The Center also has an NIH-funded concentration on biomedical supercomputing. PSC offers training in supercomputing techniques at introductory and advanced levels. Class access to PSC machines for educational purposes is easily obtained.

XSEDE (www.xsede.org) is a flagship cyberinfrastructure project funded by the US National Science Foundation (NSF). XSEDE delivers allocation services, integrated user support, software and operations services, and education and outreach activities. These not only support the NSF’s investments in high end computing but are designed to encourage development of a wider ecosystem through interoperability efforts with campuses and other cyberinfrastructure (CI) environments. XSEDE’s mission is to substantially enhance the productivity of a growing community of scholars, researchers, and engineers through access to advanced digital services that support open research; and to coordinate and add significant value to the leading cyberinfrastructure resources funded by the NSF and other agencies.

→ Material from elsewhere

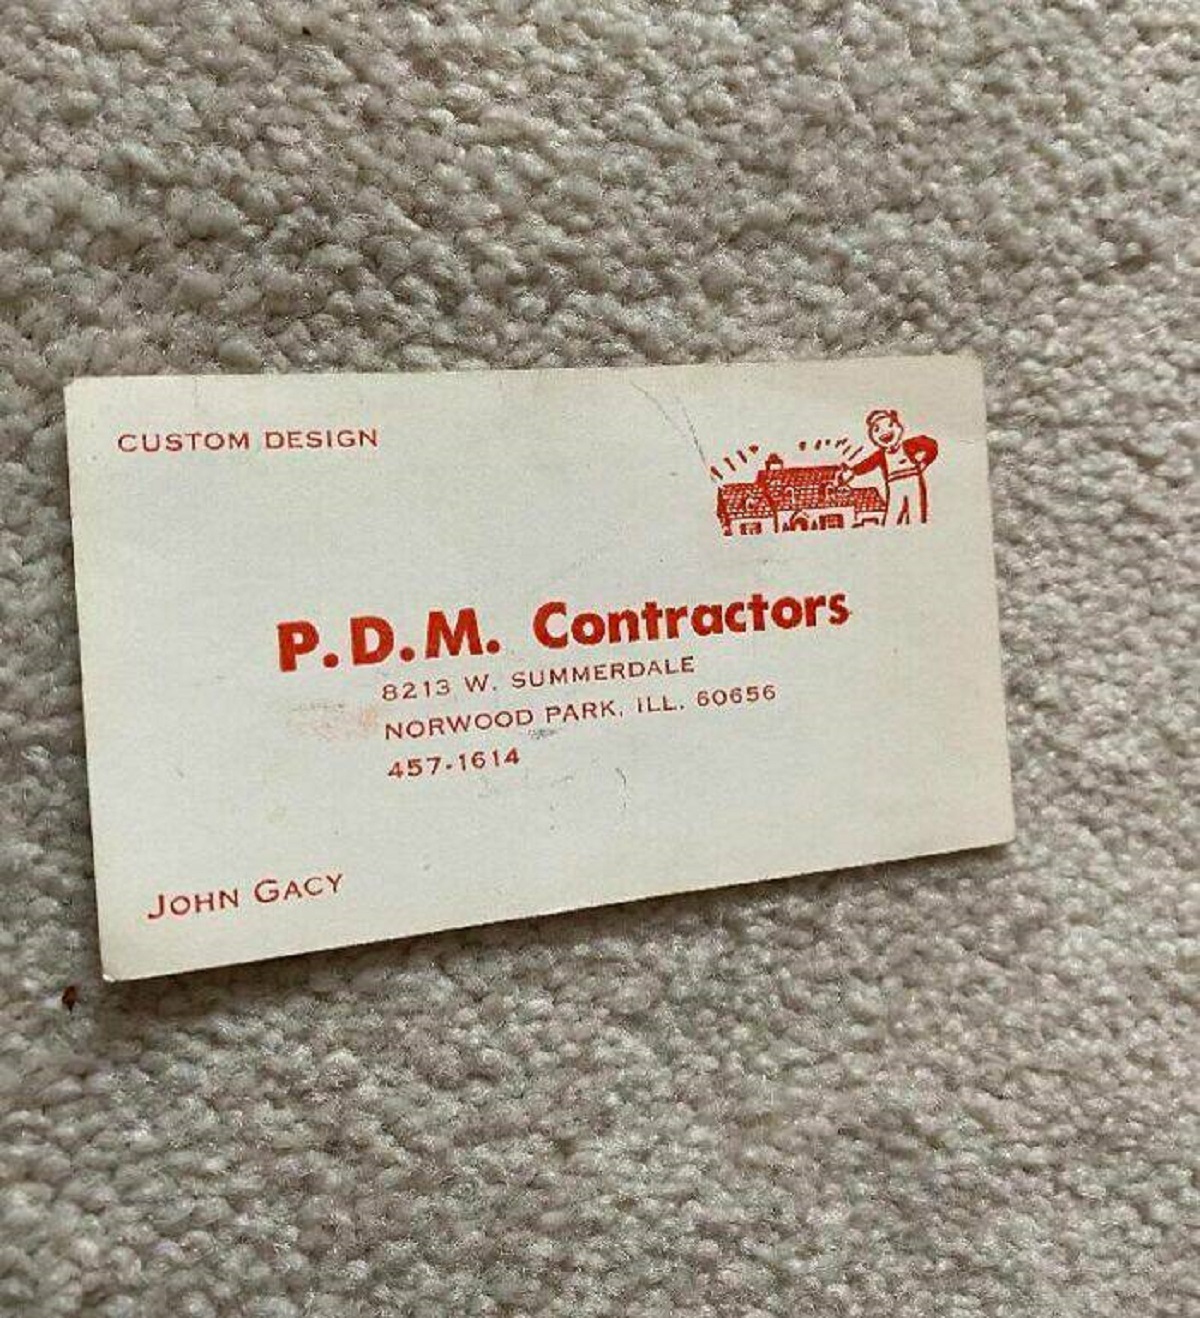 "John Wayne Gacy Did Construction For My Grandparents And We Found His Business Card While Going Through Some Stuff Today"
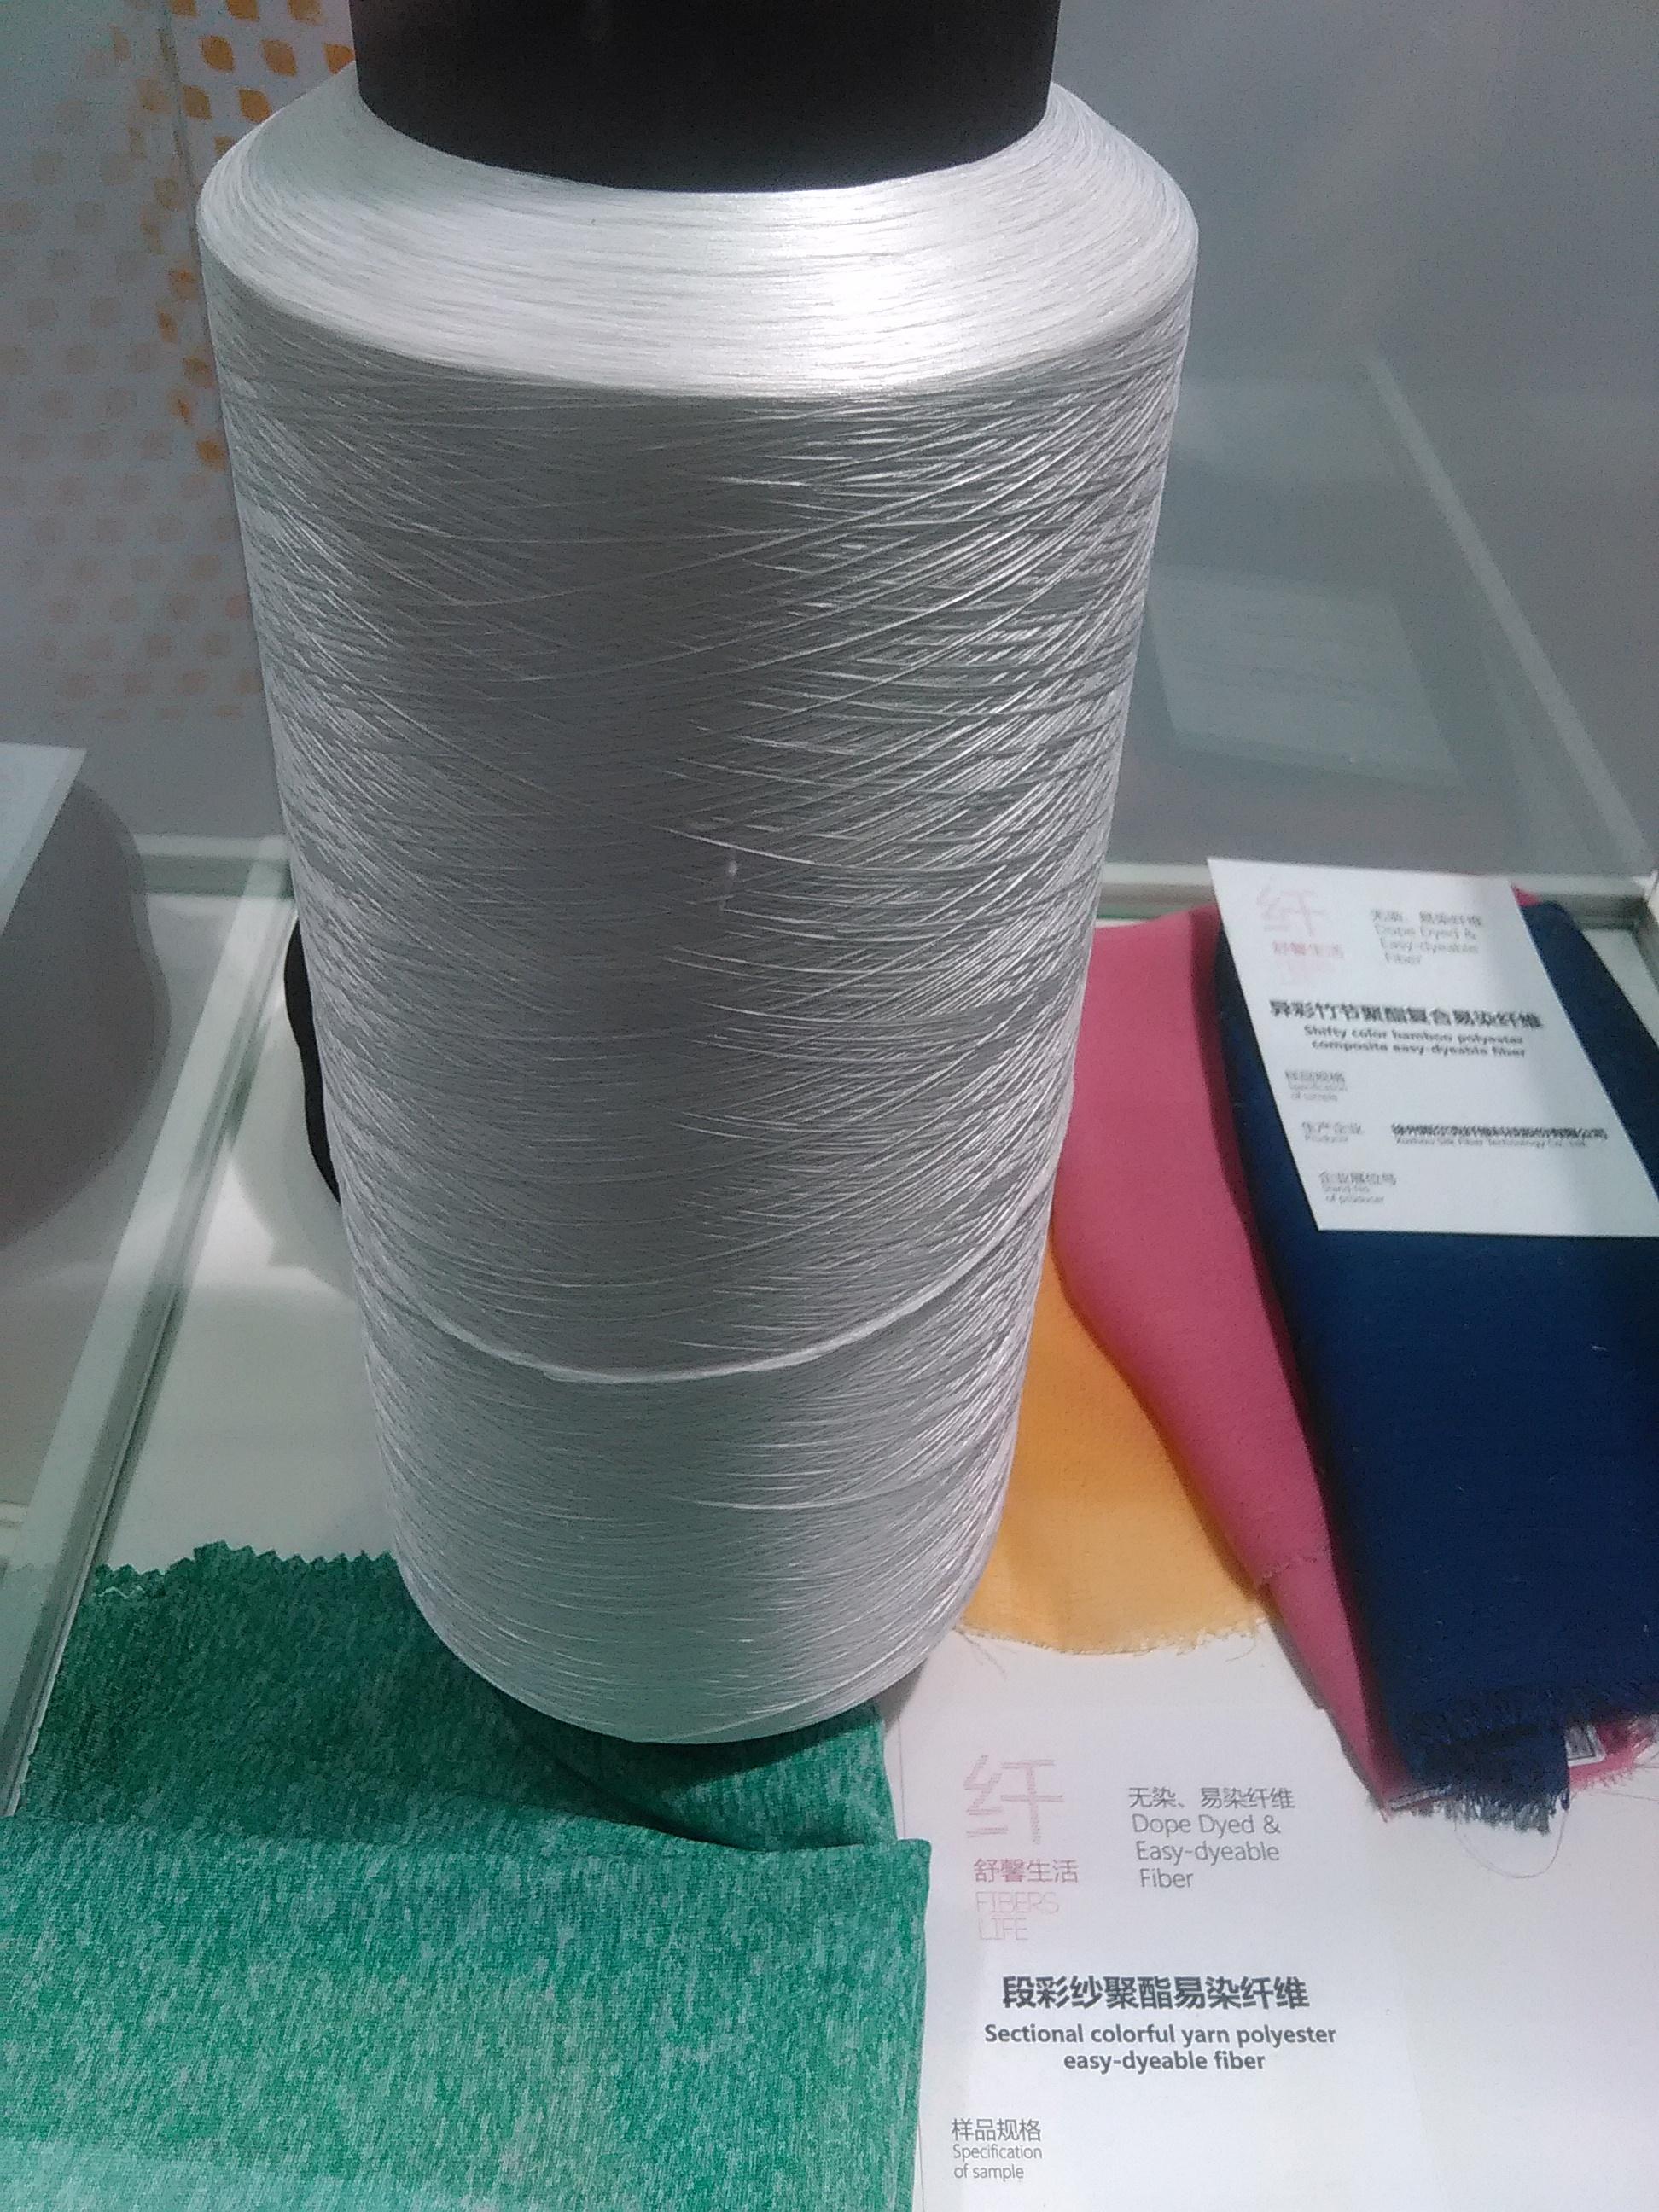 Cationic-dyeable  yarn

The largest components of XSEDE is the Extended Collaborative Support Service (ECSS), co-led by Roskies and Nancy Wilkins Diehr of the San Diego Supercomputer Center. ECSS pairs members of the user community with expert ECSS staff members, chosen from about 70 experts throughout the country, for an extended period, to work together to solve challenging problems through the application of cyberinfrastructure. 

 

Selected Publications

  • “An Overview of the XSEDE Extended Collaborative Support Program”. N Wilkins-Diehr, S Sanielevici, J Alameda, J Cazes, L Crosby, M Pierce, R Roskies. High Performance Computer Applications 6th International Conference, ISUM 2015, Mexico City, Mexico, March 9-13, 2015, Revised Selected Papers Gitler, Isidoro, Klapp, Jaime (Eds.) Springer International Publishing. ISBN 978-3-319-32243-8, 3-13, 2016. 10.1007/978-3-319-32243-8.XSEDE
  • “Value Added, Cost Avoidance, and Return on Investment”,  Stewart, Craig A.; Roskies, Ralph; Knepper, Richard; Moore, Richard L.; Whitt, Justin; Cockerill, Timothy M. , IUScholarWorks, http://hdl.handle.net/2022/20145.
  • “Bridges: A Uniquely Flexible HPC Resource for New Communities and Data Analytics”, Nystrom, N. A., Levine, M. J., Roskies, R. Z., and Scott, J. R. 2015 (submitted). In Proceedings of the 2015 Annual Conference on Extreme Science and Engineering Discovery Environment (St. Louis, MO, July 26-30, 2015). XSEDE15. ACM, New York, NY, USA. DOI=http://dx.doi.org/10.1145/2792745.2792775.
  • XSEDE: Accelerating Scientific Discovery",  with John Towns, Timothy Cockerill, Maytal Dahan, Ian Foster, Kelly Gaither, Andrew Grimshaw, Victor Hazlewood, Scott Lathrop, Dave Lifka, Gregory D. Peterson, J. Ray Scott, Nancy Wilkins-Diehr, Computing in Science & Engineering, vol.16, no. 5, 62-74, doi:10.1109/MCSE.2014.80 (2014)
  • "Loop Representations of the Quark Determinant in Lattice QCD," R. Roskies, A. Duncan, E. Eichten, H. Thacker, Phys. Rev. D60, 54505, (1999).
  • "Analytic Evaluation of Sixth Order Contribution to the Electron's g Factor," R. Roskies, M. J. Levine & E. Remiddi, Quantum Electrodynamics ed. T. Kinoshita, World Scientific, (1990).
  • "Lanczos Calculation of the Spectrum of Hamiltonian Lattice Gauge Theory," R. Roskies, J. W. Choe, A. Duncan, Phys. Rev. D37, 472, (1988).